● **What is needed**: Check each line of the records below for the word "made" and copy those where it appears.

Records from a data collection:
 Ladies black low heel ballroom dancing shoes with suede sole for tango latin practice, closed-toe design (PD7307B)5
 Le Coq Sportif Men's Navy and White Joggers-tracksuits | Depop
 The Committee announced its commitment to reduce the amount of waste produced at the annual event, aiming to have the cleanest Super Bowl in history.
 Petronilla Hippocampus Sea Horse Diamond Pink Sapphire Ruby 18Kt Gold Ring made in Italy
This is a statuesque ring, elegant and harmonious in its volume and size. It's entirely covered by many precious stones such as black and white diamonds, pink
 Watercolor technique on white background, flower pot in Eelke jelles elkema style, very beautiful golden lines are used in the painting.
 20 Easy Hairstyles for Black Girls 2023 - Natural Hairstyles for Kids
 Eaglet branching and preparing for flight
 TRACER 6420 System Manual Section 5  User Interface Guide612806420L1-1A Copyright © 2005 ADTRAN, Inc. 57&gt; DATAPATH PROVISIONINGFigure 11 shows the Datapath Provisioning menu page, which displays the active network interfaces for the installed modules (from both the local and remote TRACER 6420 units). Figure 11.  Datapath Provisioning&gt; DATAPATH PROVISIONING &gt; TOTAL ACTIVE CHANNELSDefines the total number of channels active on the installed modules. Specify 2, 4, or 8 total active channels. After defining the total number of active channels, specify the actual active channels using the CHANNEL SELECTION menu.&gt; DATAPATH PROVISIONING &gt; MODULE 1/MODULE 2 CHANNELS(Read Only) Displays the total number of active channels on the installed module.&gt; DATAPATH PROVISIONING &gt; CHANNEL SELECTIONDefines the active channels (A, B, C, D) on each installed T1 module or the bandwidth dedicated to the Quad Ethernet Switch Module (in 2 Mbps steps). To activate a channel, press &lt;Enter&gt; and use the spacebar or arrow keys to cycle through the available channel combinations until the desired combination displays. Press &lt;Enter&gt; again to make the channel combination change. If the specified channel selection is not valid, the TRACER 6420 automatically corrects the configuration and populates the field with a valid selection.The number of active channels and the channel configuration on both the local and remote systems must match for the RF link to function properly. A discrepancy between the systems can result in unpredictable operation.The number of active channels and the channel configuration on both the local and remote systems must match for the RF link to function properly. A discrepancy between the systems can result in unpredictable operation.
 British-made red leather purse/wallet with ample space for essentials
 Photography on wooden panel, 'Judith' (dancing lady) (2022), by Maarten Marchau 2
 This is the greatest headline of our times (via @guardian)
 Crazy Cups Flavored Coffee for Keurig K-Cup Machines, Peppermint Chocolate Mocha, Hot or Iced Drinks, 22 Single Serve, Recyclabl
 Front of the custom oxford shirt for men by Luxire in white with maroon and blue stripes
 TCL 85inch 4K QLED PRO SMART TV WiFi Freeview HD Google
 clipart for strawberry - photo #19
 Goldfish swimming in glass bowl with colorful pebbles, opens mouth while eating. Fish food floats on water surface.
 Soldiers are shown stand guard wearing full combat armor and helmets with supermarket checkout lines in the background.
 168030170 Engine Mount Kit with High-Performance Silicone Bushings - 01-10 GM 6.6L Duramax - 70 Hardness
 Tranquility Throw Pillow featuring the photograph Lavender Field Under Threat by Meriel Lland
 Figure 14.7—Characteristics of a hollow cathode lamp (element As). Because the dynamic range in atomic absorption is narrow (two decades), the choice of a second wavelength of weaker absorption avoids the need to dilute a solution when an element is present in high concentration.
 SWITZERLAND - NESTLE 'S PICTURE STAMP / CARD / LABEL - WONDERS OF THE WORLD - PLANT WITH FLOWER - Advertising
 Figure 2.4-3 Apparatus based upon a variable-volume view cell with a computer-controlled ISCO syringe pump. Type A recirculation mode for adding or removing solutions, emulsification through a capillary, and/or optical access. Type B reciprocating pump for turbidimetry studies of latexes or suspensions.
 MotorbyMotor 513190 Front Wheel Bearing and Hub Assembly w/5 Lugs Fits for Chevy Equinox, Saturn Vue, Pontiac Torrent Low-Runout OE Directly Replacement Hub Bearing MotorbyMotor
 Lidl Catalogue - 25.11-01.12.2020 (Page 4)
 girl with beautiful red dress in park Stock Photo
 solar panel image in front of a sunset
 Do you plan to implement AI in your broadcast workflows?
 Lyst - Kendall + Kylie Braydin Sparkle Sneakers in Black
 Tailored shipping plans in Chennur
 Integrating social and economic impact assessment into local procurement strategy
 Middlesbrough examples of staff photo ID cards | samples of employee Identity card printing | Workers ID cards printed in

● **The answer**:
 Petronilla Hippocampus Sea Horse Diamond Pink Sapphire Ruby 18Kt Gold Ring made in Italy
 British-made red leather purse/wallet with ample space for essentials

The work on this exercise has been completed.